Wells Fargo Changes Compensation Policies

Wells Fargo became the latest financial institution to change its compensation policies in the wake of a national uproar over executive pay this year.

Wells Fargo & Co said on Thursday it gave Chief Executive John Stumpf and three other top executives stock payouts worth a total of about $25 million, but it said none of these executives will receive a cash bonus for 2009.

Steve Sanger, chairman of the board’s human resources committee, said, “Given the current challenges impacting the banking industry, Wells Fargo executives, at all levels, are being increasingly and aggressively recruited by competitors.”
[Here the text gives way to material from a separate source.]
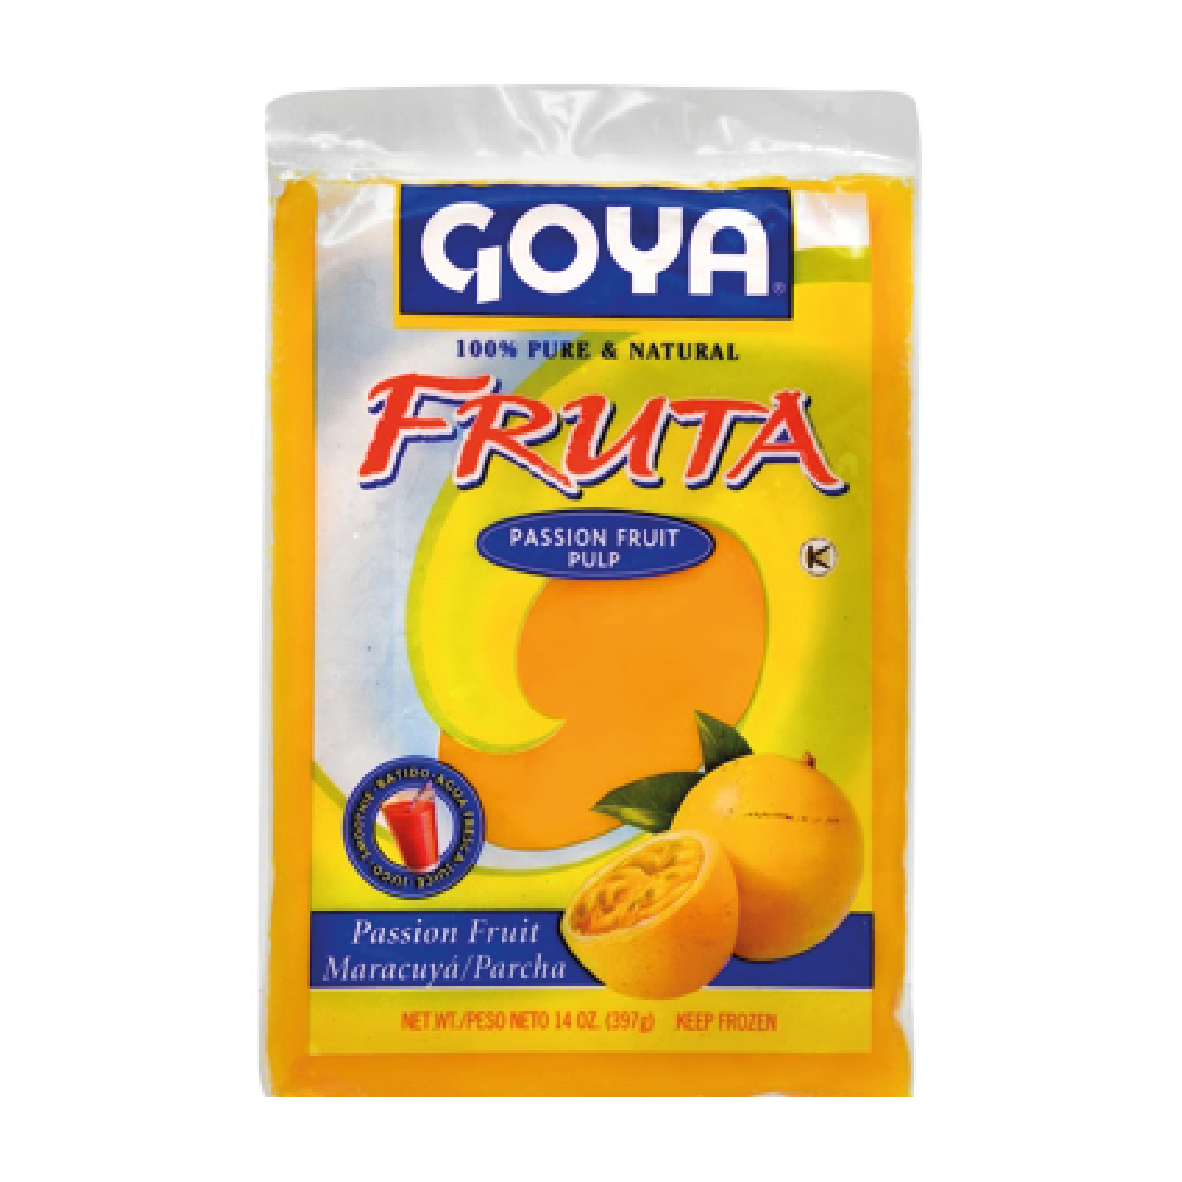 Goya Passion Fruit Pulp 397g(Frozen)
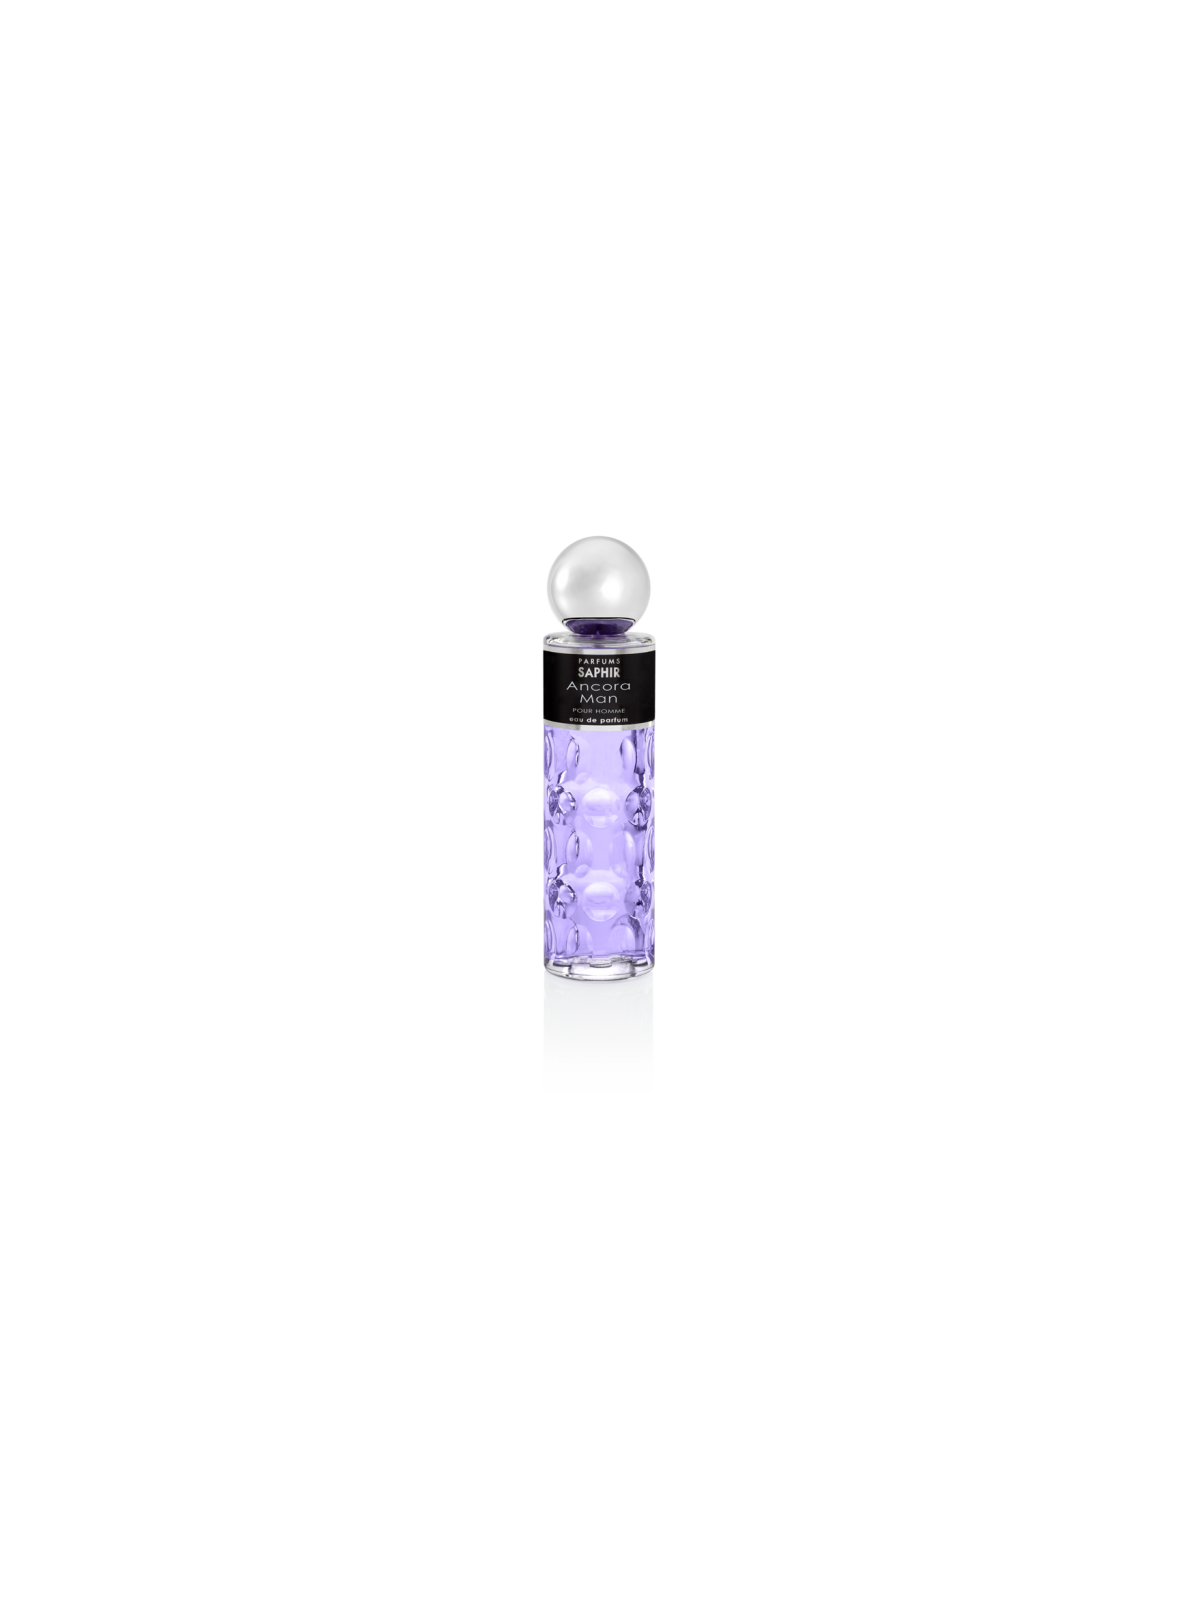 Comprar Perfume Saphir Ancora Man 200ML. en Perfumes para hombre por sólo 12,90 € o un precio específico de 12,90 € en Thalie Care

Stumpf, 56, was granted 379,600 shares as a target, the San Francisco-based company said today in a statement. Chief Financial Officer Howard Atkins, wholesale banking chief Dave Hoyt and home and consumer finance head Mark Oman received shares valued at $5 million each, spokeswoman Richele Messick said. The shares will vest in three years, the company said.

Wells said as recently as September that it would repay TARP without selling new stock and further diluting shareholders’ stakes. The bank argued that it was generating enough capital internally to exit the program.

Wells Fargo’s move follows that of Goldman Sachs Group, which earlier this month said it would pay its top managers their 2009 bonuses in stock rather than cash.

Shares were up 1.14% at $27.12 in recent trading. The stock is down 8.01% this year.